There are two basic components: 

First, we have an updating or learning equation that tells us how attractions to different behavioral options $A_{i,j, t+1}$ (i.e., how preferable option $i$ is to the bird $j$ at time $t+1$) change over time as a function of previous attractions $A_{i ,j, t}$ and recently experienced payoffs $\pi_{i,j,t}$ (i.e., whether they received a reward in a given trial or not). Attraction scores thus reflect the accumulated learning history up to this point. 

$A_{i,j, t+1} = (1-\phi_j) A_{i,j,t} + \phi_j \pi_{i,j,t}$. 

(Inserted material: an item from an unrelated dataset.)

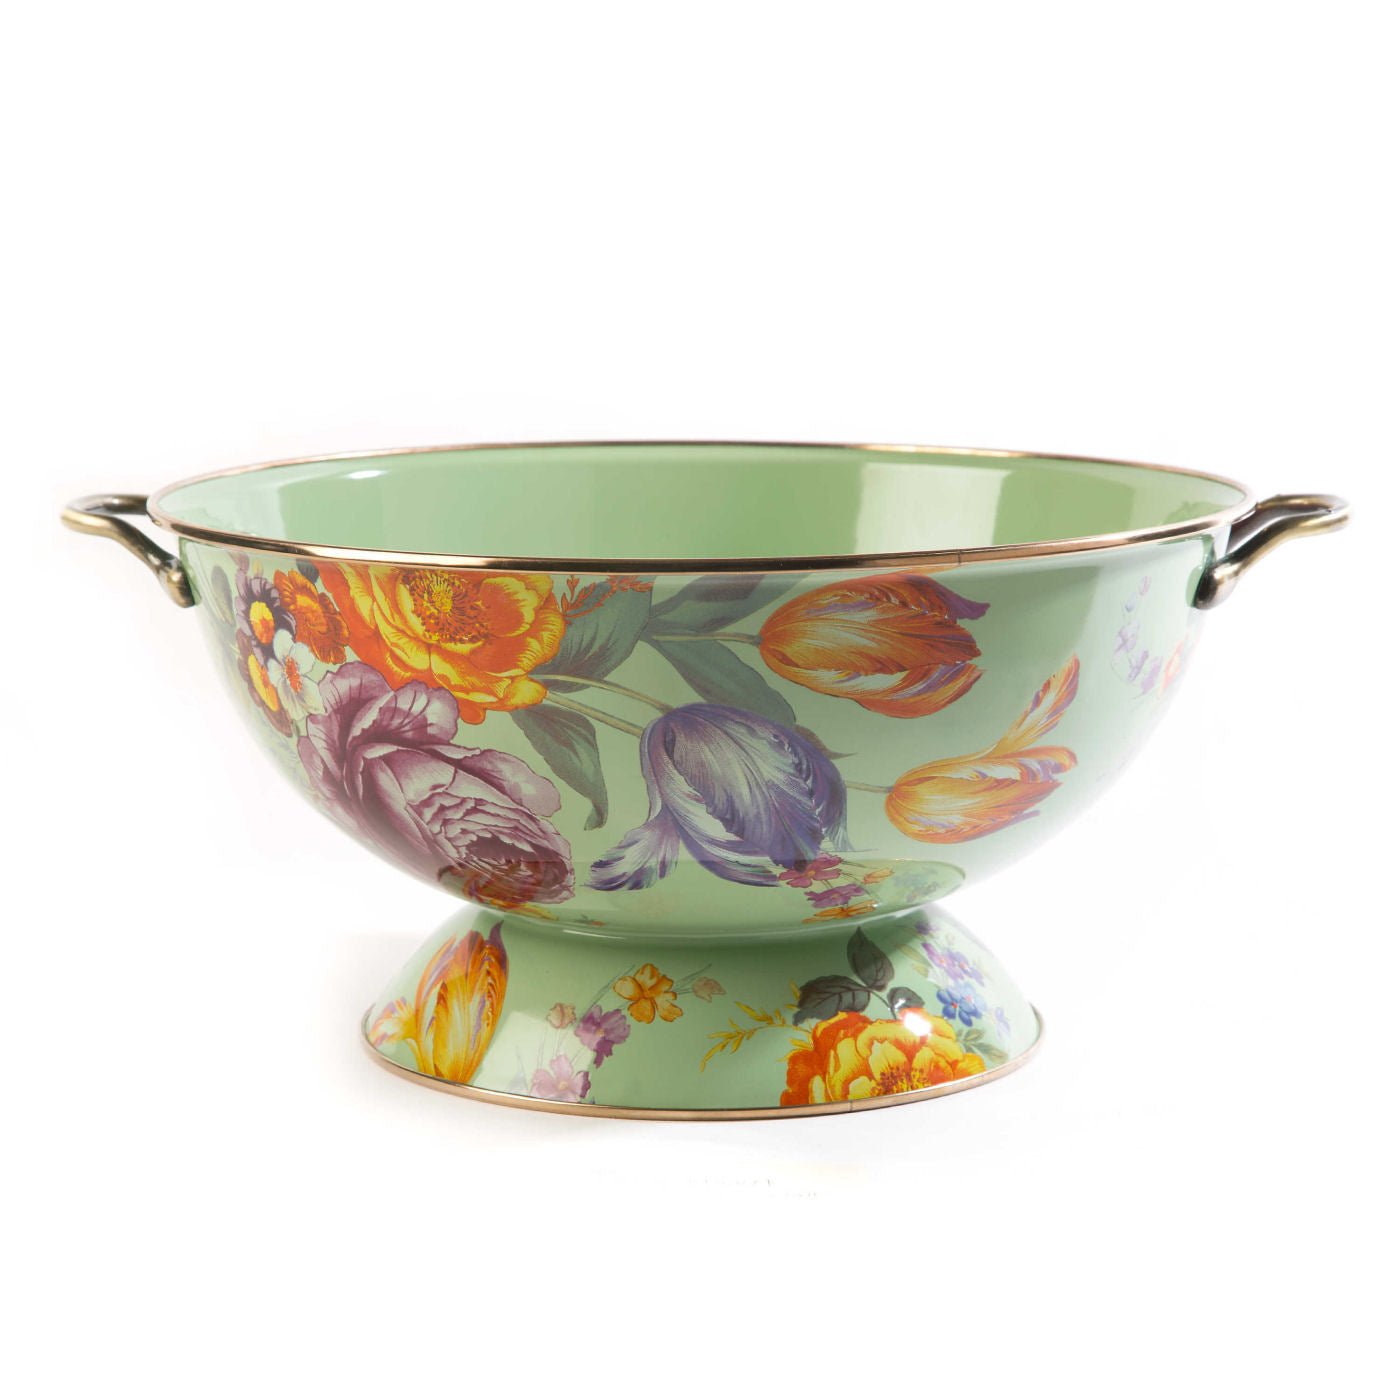 Flower Market Everything Bowl - Green by Mackenzie Childs - |VESIMI Design| Luxury and Rustic bathrooms online

The (bird-specific) parameter $\phi_j$ describes the weight of recent experience. The higher the value of $\phi_j$, the faster the bird updates their attraction. It thus can be interpreted as the *learning or updating rate of an individual*. A value of $\phi_j = 0.04$, for example, means that receiving a single reward for one of the two options will shift preferences by 0.02 from initial 0.5-0.5 attractions, a value of $\phi_j = 0.06$ will shift preferences by 0.03 and so on. This parameter corresponds to the first and third connotation of behavioral flexibility as defined by [@bond_serial_2007], the ability to rapidly and adaptively change behavior in light of new experiences. 

The second major part of the model expresses the probability an individual $j$ chooses option $i$ in the next round, $t+1$, based on the latent attractions:
 
 $P(i)_{t+1} = \frac{\exp(\lambda_j A_{i, j, t})}{\sum\limits_{m=1}^{2}\exp(\lambda_j A_{m, j, t})}.$
 
The parameter $\lambda_j$ represents the *random choice rate* of an individual (also called inverse temperature). It controls how sensitive choices are to differences in attraction scores. As $\lambda_j$ gets larger, choices become more deterministic, as it gets smaller, choices become more exploratory (random choice if $\lambda_j = 0$). For instance, if an individual has a 0.6-0.4 preference for option A, a value of $\lambda_j = 3$ means they choose A 65% of the time, a value of $\lambda_j = 10$ means they choose A 88% of the time and a value of $\lambda_j = 0.5$ means they choose A only 53% of the time. This parameter closely corresponds to the second connotation of internally generated behavioral variation, exploration or creativity [@bond_serial_2007]. 

We validated this computational model by analyzing data previously collected from great-tailed grackles in Santa Barbara, California [@logan2016flexibilityproblem]. The following code first prepares the Santa Barbara data for the reinforcement learning model, runs the model, and extracts samples from the posterior distribution. We then use those population estimates of both learning parameters, $\phi_j$ and $\lambda_j$, to simulate experimental data for 8 new birds. Finally, this code plots the empirical and simulated learning curves (see figure 4).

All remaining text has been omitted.